Dominated by Israel and its powerful sponsors, the Oslo process equated the notion of peace with the requirements of the Israeli agenda instead of conceiving peace as the peaceful fulfillment of the rights of peoples, the achievement of their liberation, and the end to such crimes as foreign occupation and ethnic cleansing. Thus, rather than holding Israel to account for violating international law, the Palestinian refugees were demonized and blamed for insisting on the principle of the right to return, and were presented as the very “obstacle” to peace, rather than their rights being seen as the core necessity for achieving it.

 

Rather than ignoring, silencing and disempowering the Palestinian refugees; rather than pressuring them to cede their rights, states, institutions and individuals the world over have a duty to support them.

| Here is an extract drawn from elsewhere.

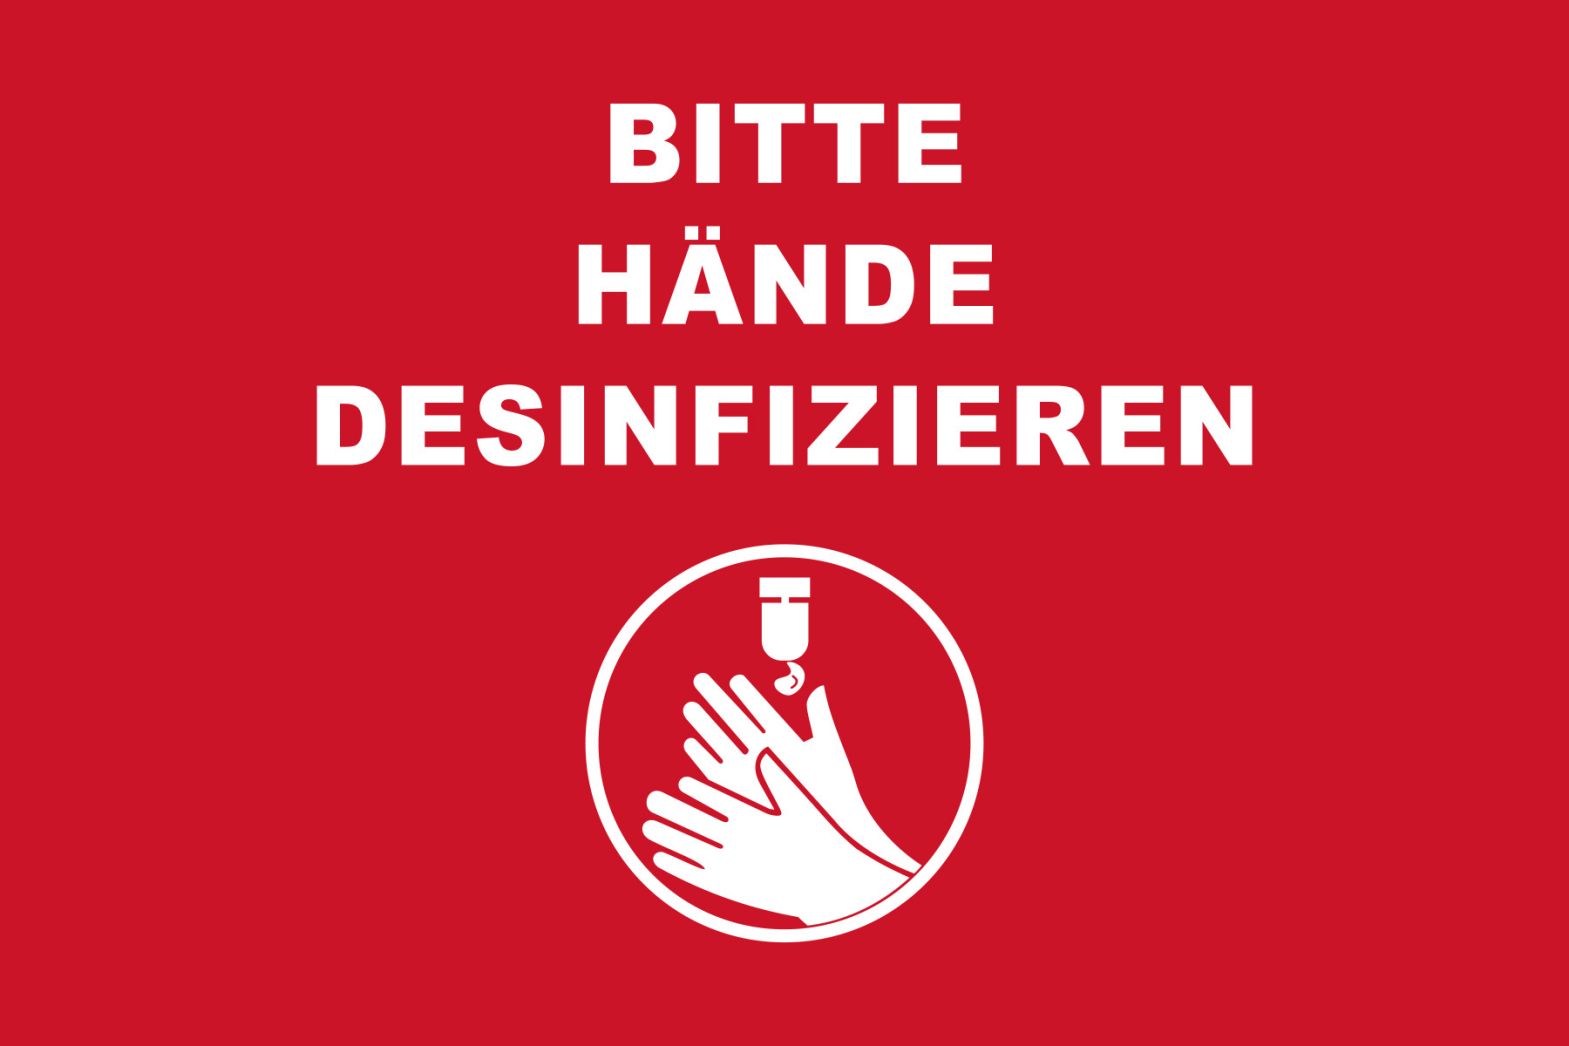 Hygienehinweis-Fußmatte mit deutlichen Hände-desinfizieren-Hinweis

For this is not merely a grave humanitarian issue, but also one of national sovereignty. The UN Declaration on the Granting of Independence to Colonial Countries and Peoples enshrined the protection of peoples to their own land. Israel, along with dozens of other international conventions, Security Council and General Assemby resolutions, is in breach of the relevant clauses of this declaration that outlaws the “subjugation, domination, and exploitation” of peoples. Israel currently prevents citizens from living in their own homeland, returning to their own homes, let alone exercising self-determination within it, thus perpetuating the violent division and dispersal of the Palestinian people. The only peaceful way of holding Israel into account is the pursuit of Boycott, Divestment and Sanctions (BDS).

 

Undoubtedly, the pressure on the BDS movement to accept the foreign-imposed separation between the majority of the Palestinian people (the refugees) and those Palestinians who are living under occupation is relentless. It is the most important of all Palestinian rights, yet the right of return is the least understood. Internationally, governments, institutions, policy makers and activists see the sharp edge of the military occupation. However, the much more protracted and painful plight of the refugees is largely suppressed and rendered invisible and presented as negligible. The Palestinian people are coninually pressured from every corner to drop their right of return. Even those claiming to be their friends and allies participate in this endeavor, capturing the Palestinian voice and marginalising its people by telling them which rights they are permitted to hold and which ones they must surrender.

 

To counter this trend with virtue and persistence; to mobilise around all Palestinian rights on the basis of their inalienability; those are the key tasks of the BDS movement. In doing so it enshrines the principle of equality amongst the Palestinians and assist them in reclaiming a national and united - rather than a sectarian and divided - vision of the struggle for justice and liberation. The refugees are the key to peace, and their voices must be brought to the world unmediated, articulate, and with all urgency.

 

Karma Nabulsi is a fellow of St Edmund Hall, Oxford and tutor in politics, was a representative of the PLO in Lebanon, Tunis and the UK.

Ilan Pappe is chair in the Department of History at the University of Exeter.